▶ **Given material**:
━━━━━━━━━━━━━━━━

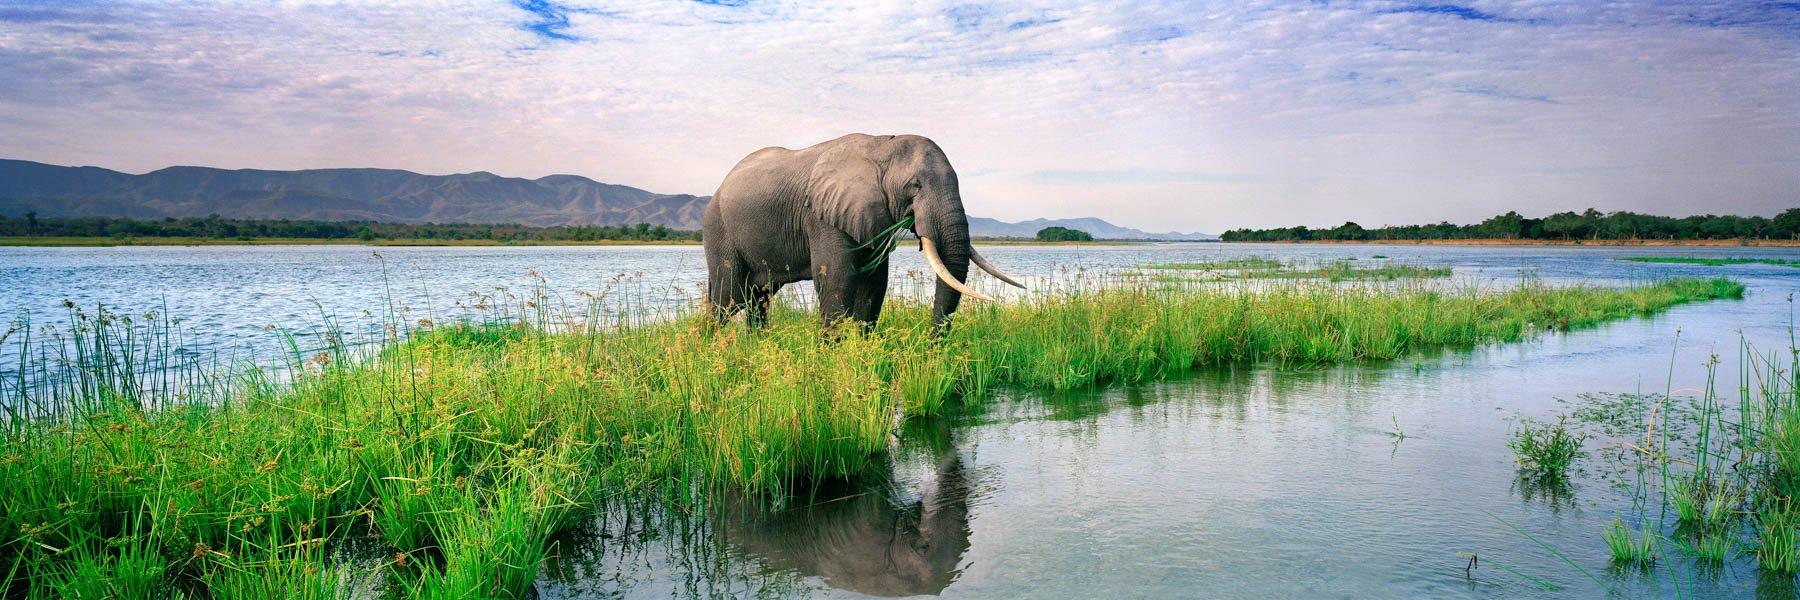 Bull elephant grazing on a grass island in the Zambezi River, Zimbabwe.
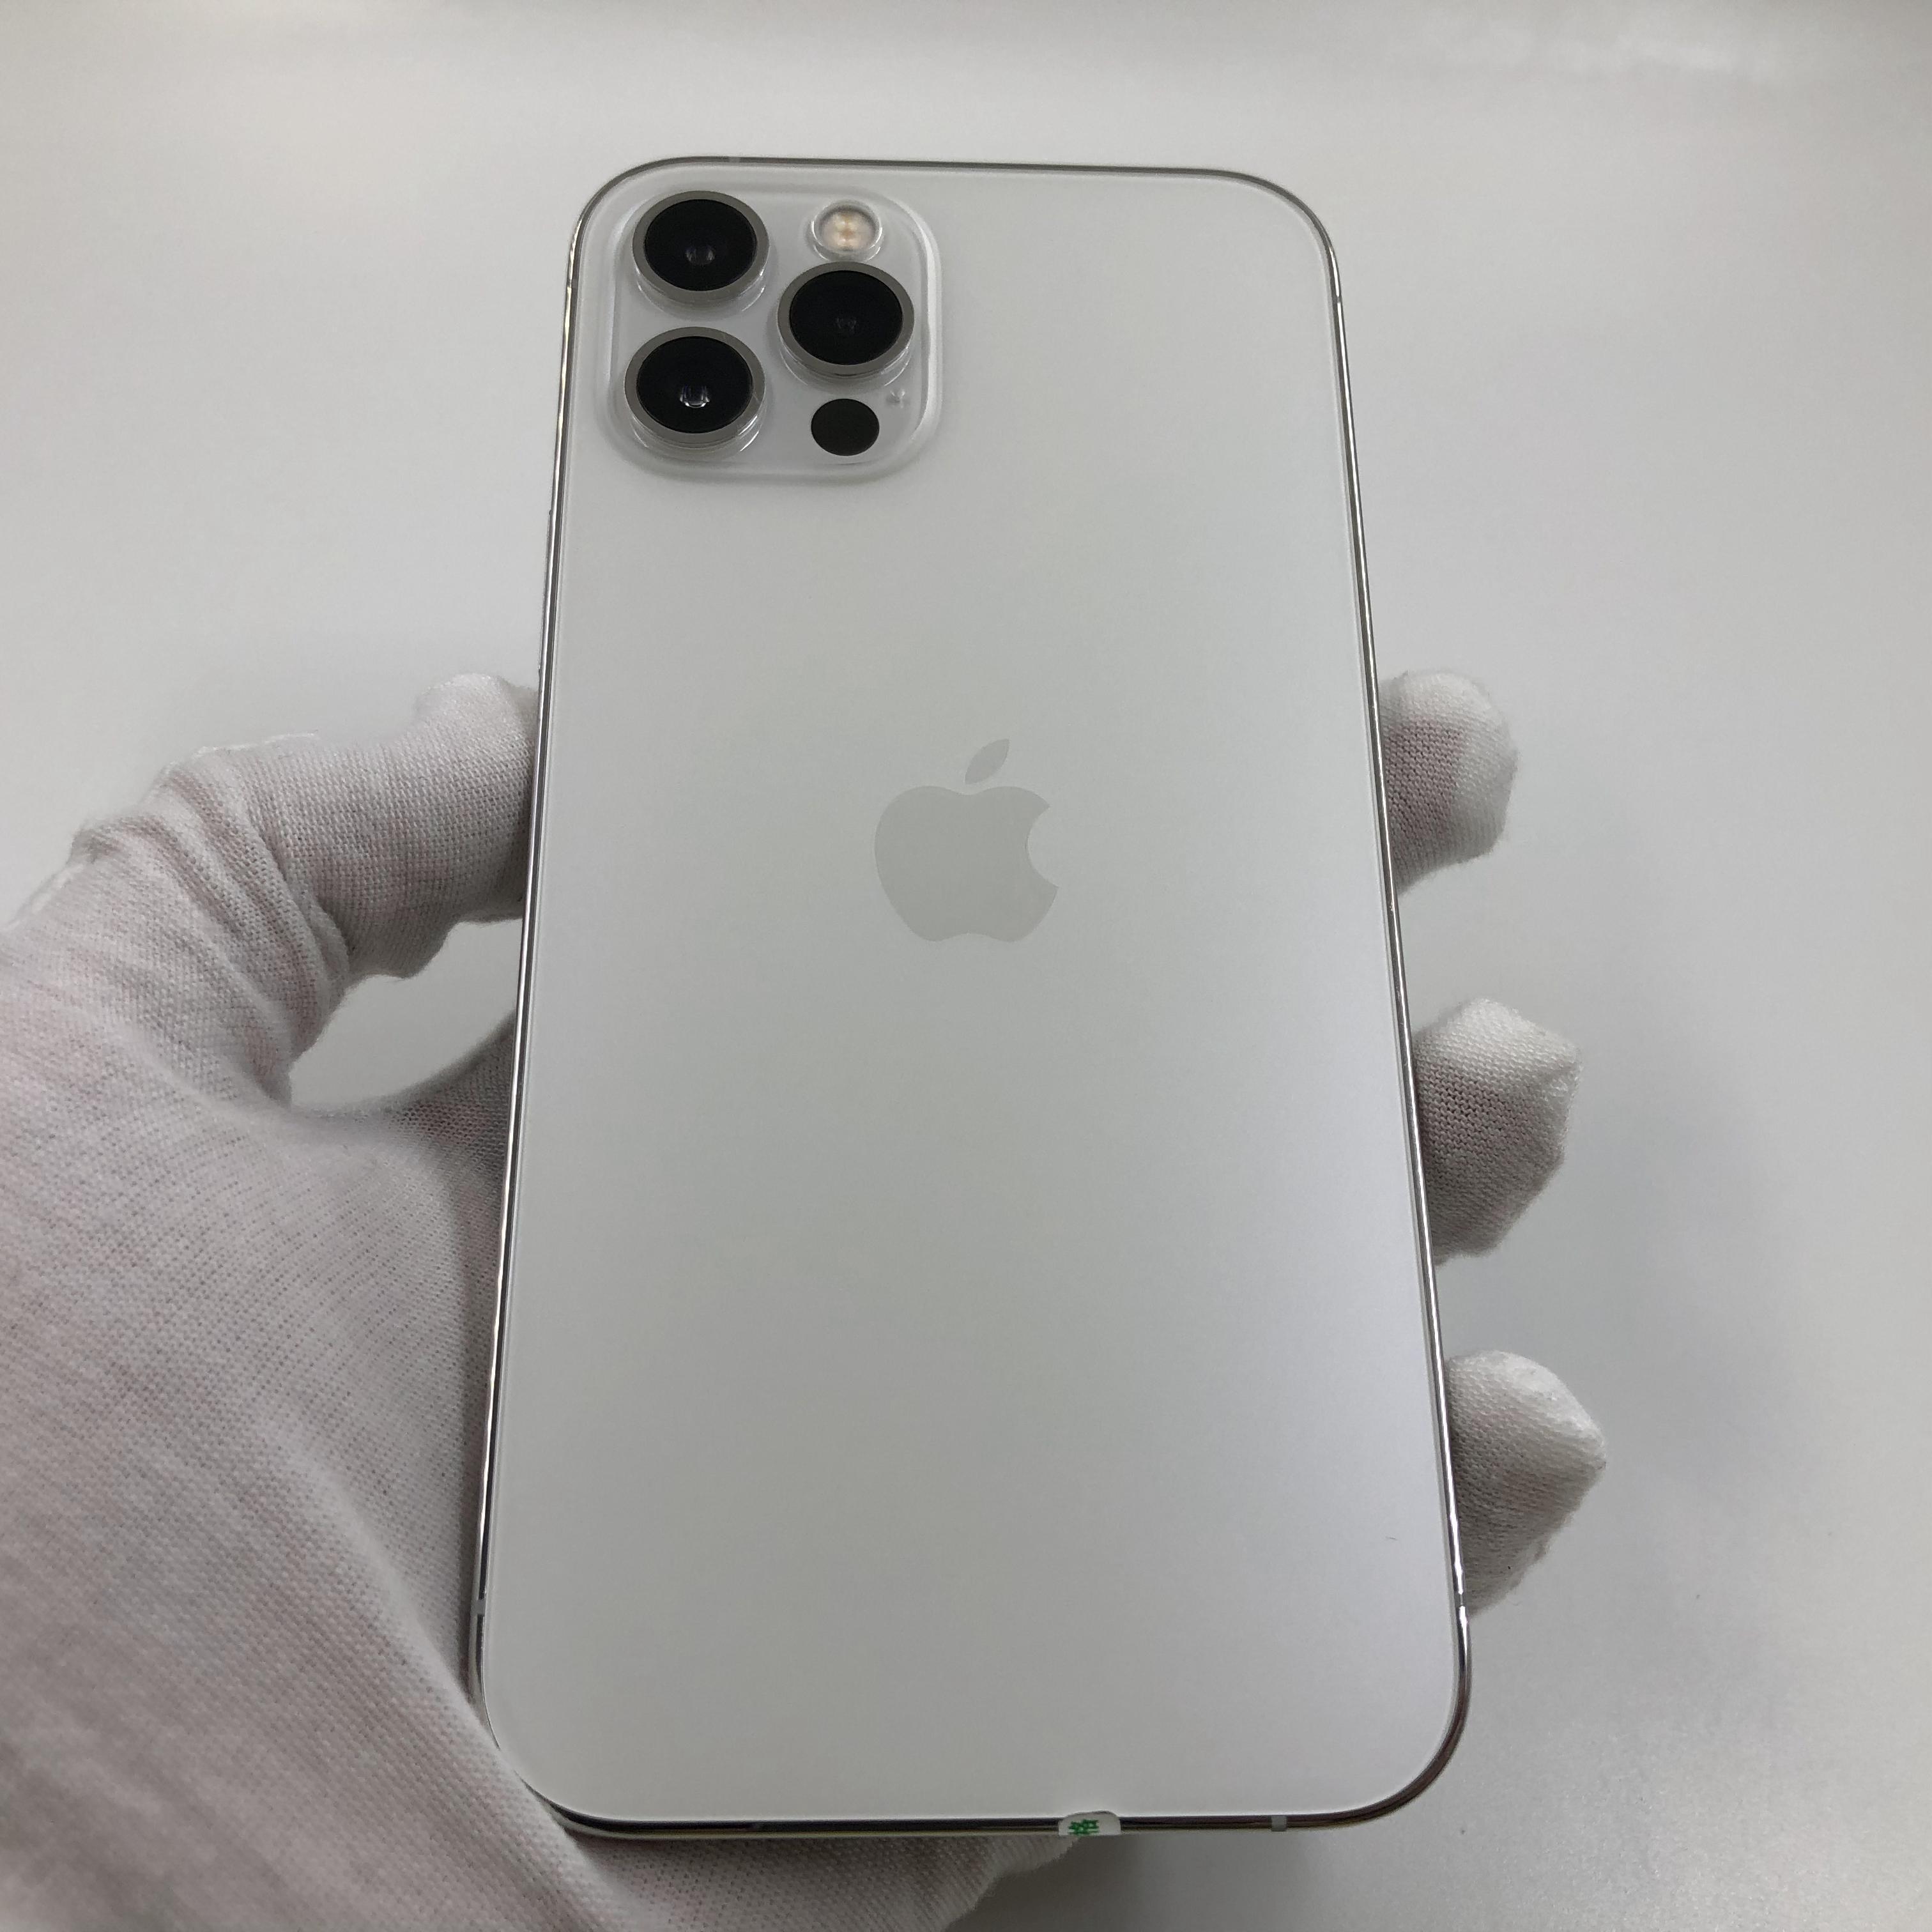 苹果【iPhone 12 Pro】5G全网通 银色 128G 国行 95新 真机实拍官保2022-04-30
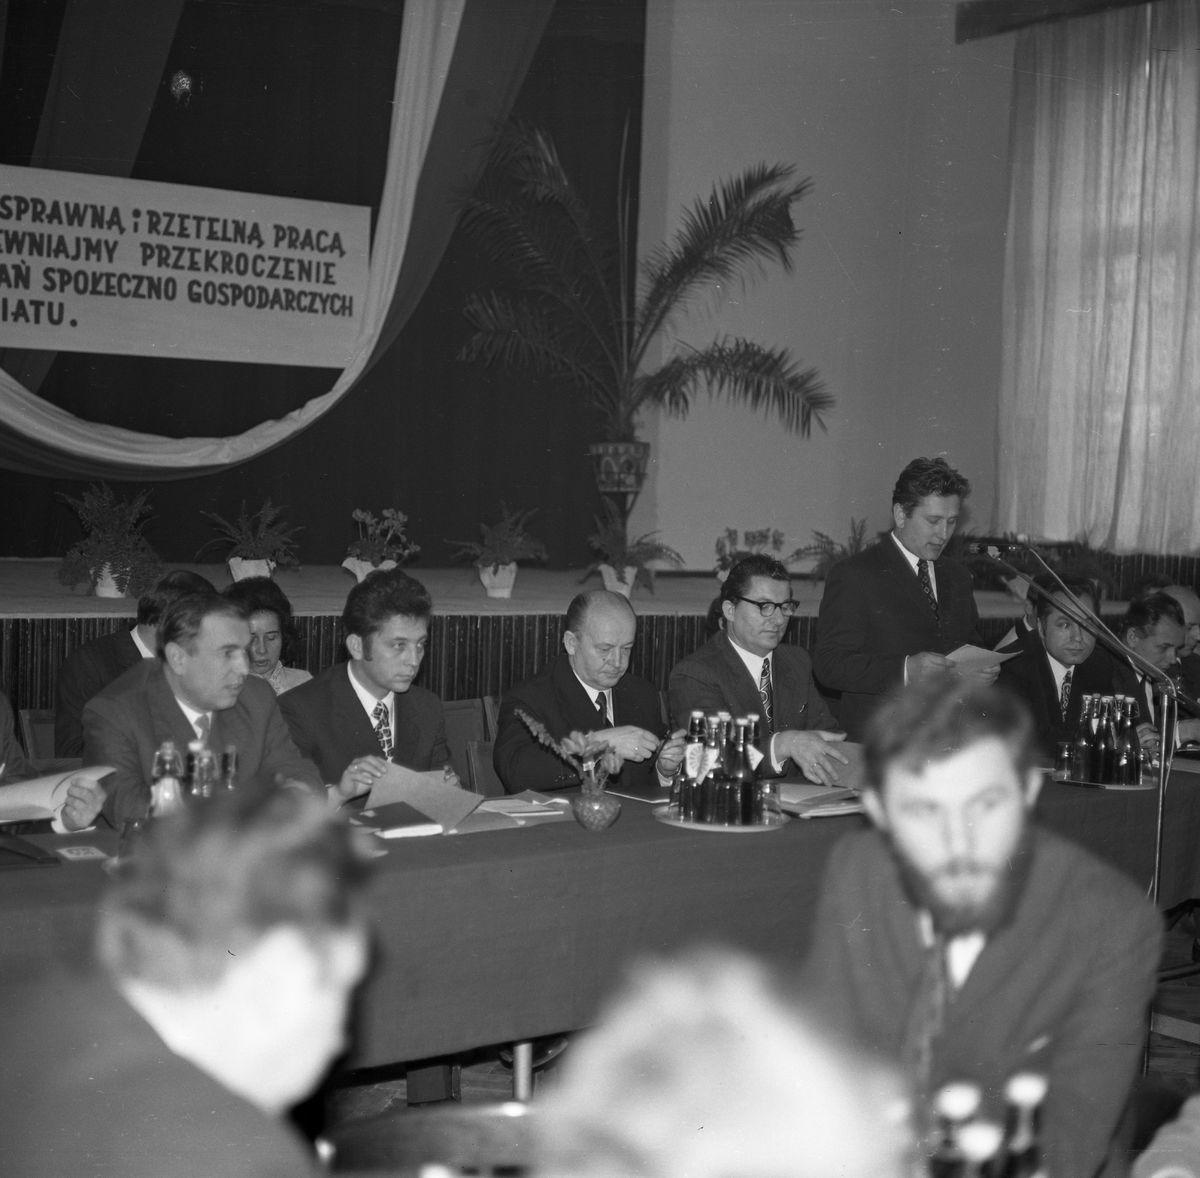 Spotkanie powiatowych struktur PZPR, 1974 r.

━━━━━━━━━━━━━━━━

▶ **Work order**:
Drop the pictures, then write out only the lines running from the one containing "苹果【iPhone 12 Pro】5G全网通" through the last line above, both included, exactly.

▶ **Reply**:
 苹果【iPhone 12 Pro】5G全网通 银色 128G 国行 95新 真机实拍官保2022-04-30
 Spotkanie powiatowych struktur PZPR, 1974 r.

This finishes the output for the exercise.